Pop the cork, not your eye

Americans will consume more than a billion glasses of champagne during holiday and New Year celebrations. According to the American Academy of Ophthalmology, the careless handling of champagne is one of the most common causes for holiday-related eye injuries. These injuries are often caused by improperly opening the bottle, as a champagne cork is just less than 90 pounds of pressure—3 times the pressure inside a car tire.


The Korbel Champagne authorities offer this advice:

•  The recommended way to properly open a bottle is to ease the cork out slowly, with the sound of a gentle sigh—not a pop, which wastes champagne.

•  Make sure your champagne is chilled and unshaken. Chill the bottle for at least 4 hours in the refrigerator (a warm bottle is more likely to pop).

•  Remove the foil cap covering the top of the bottle, exposing a wire hood.

•  Undo the wire hood with 6 half-turns of the knob.

•  Hold the bottle at a 45-degree angle while holding the cork firmly with one hand and the base of the bottle with the other. Be sure to point the bottle away from your guests.
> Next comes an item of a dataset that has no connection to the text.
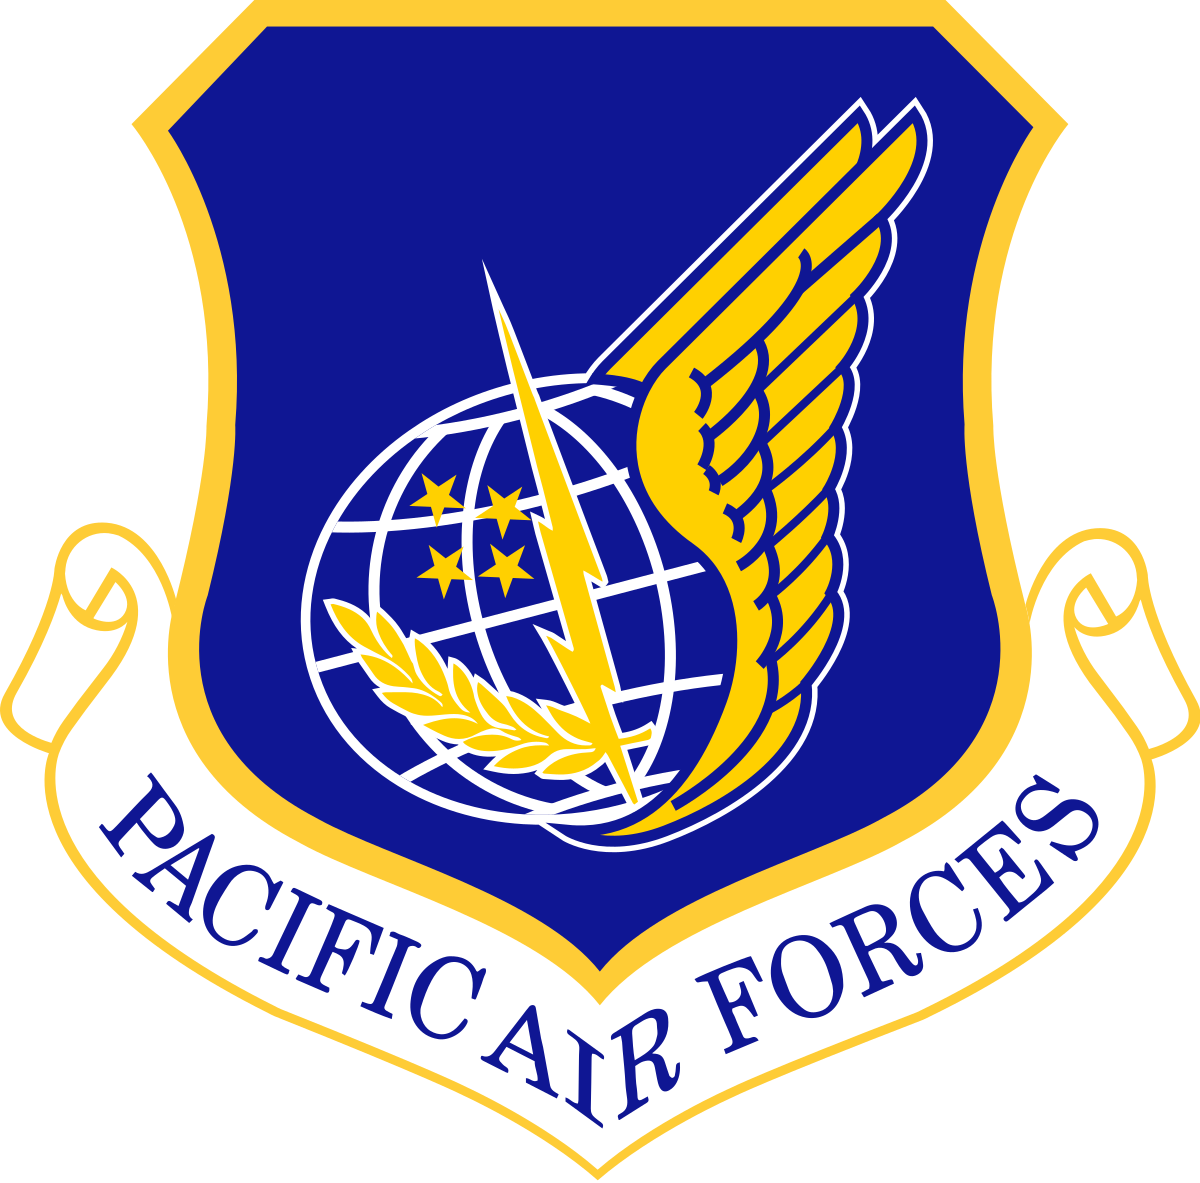 Air Force PNG Image File

•  Do not twist the cork. Rather, turn the bottle slowly while letting the cork glide out gently, emitting a gentle sigh.

•  In the did-you-know department: There are more than 50 million bubbles in a standard bottle of champagne.

This website is not meant to substitute for expert medical advice or treatment. Follow your doctor’s or health care provider’s advice if it differs from what is given in this guide.